On the third, they came across a small stone building on a low, barren hill. “Magic collection hut,” Mara told the Lady as they looked up at it from half a mile away. “We’re getting closer to the mine.”
The Lady nodded. She closed her eyes for a moment, and Mara knew she was looking through the eyes of one of the wolves. Which one became immediately obvious, as a big gray male trotted away from his fellows, slipping in and out of the trees, and in and out of sight. He finally disappeared completely for several minutes, only to emerge right by the hut. He trotted around it, sniffing, then looked back at them.
The Lady opened her eyes. “No one there,” she said. She turned to her left, where Hamil stood quietly with the rest of the Lady’s Cadre.
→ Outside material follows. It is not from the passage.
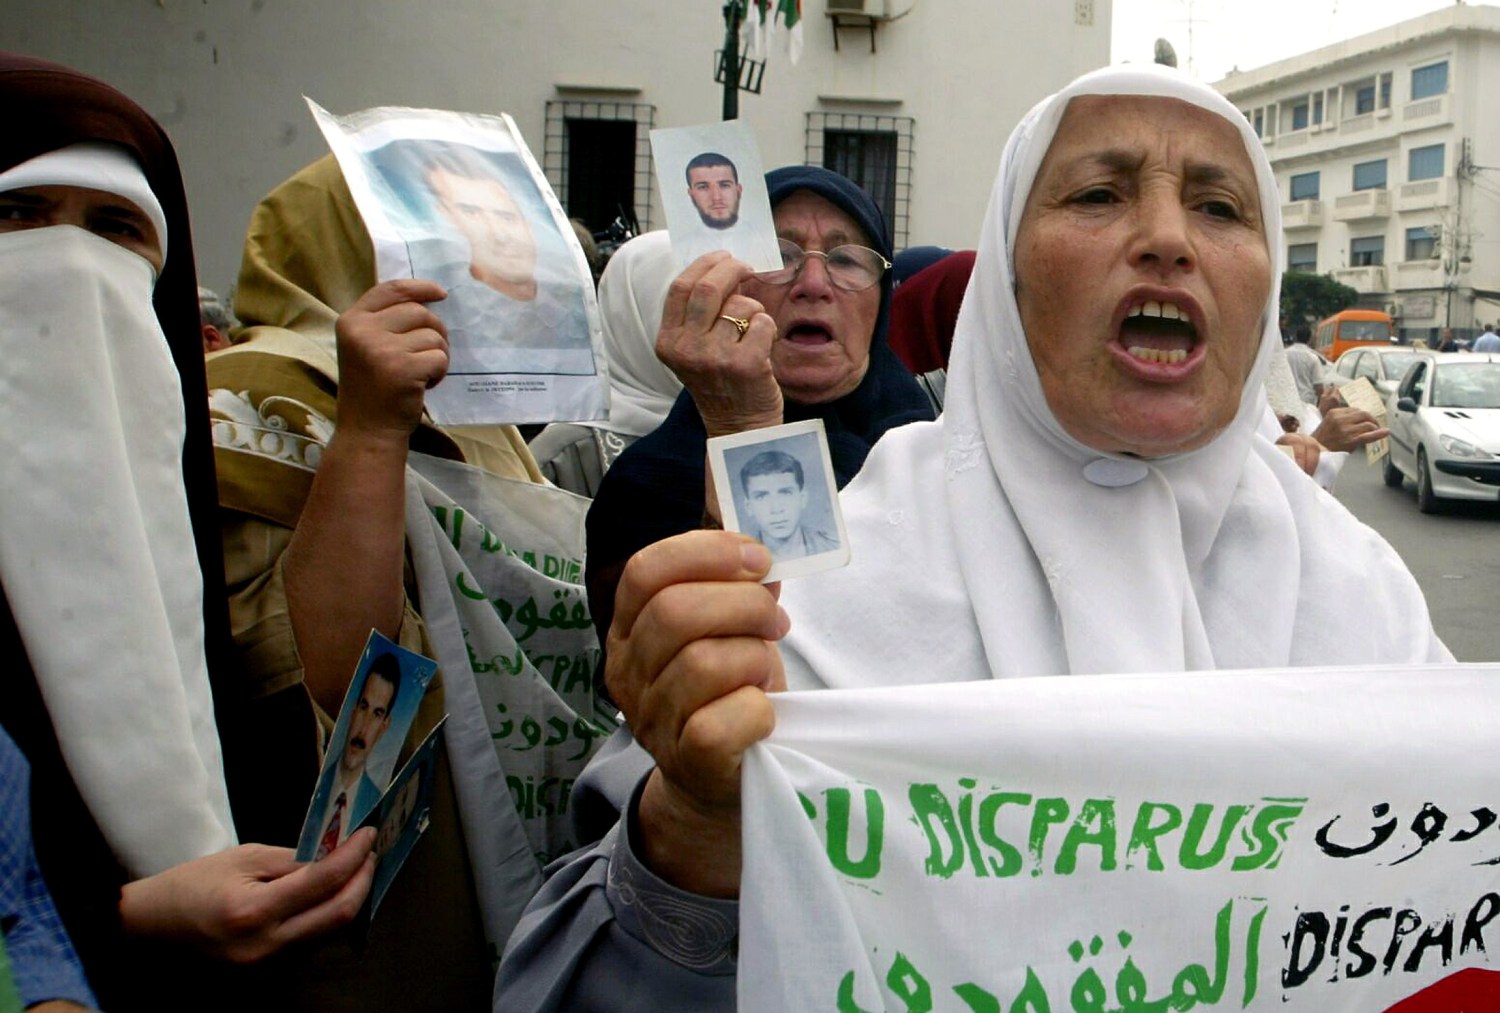 Algerian mothers hold up photographs of their disappeared loved ones during a protest outside the office of a human rights group in Algiers September 28, 2005. For a decade, dozens of mothers have held sit-ins once a week outside the office demanding the return of their loved ones or information about their fates. Algeria's national referendum, which will be held on September 29 aims at ending more than a decade of conflict which will help Islamists reach their goal of forming a purist Islamic republic ,an influential former leading militant said on Monday. REUTERS/Louafi Larbi

She understood why they were nicknamed the “human wolfpack.” The twelve men spoke little more than the wolves, and sometimes seemed to move at the will of the Lady without her speaking to them.
As if she has altered them to serve her, she thought, and shoved the thought away angrily, cursing Keltan for putting it there. So they’re loyal. Why wouldn’t they be? Their village was barely surviving until she used her magic to carve something approaching civilization out of that frozen valley. Without her help, they couldn’t grow crops or keep livestock alive. Of course they’re loyal.
“Hamil,” the Lady said. “Take Mara to the hut.” She glanced at Mara. “See if there is magic there we could use.”
Mara nodded at her, then at Hamil. He led her into the woods, while behind them the entire column, which had been resting while the hut was investigated, swung into motion, curving off to the right on a path that would take them around the base of the hill Mara would have to climb.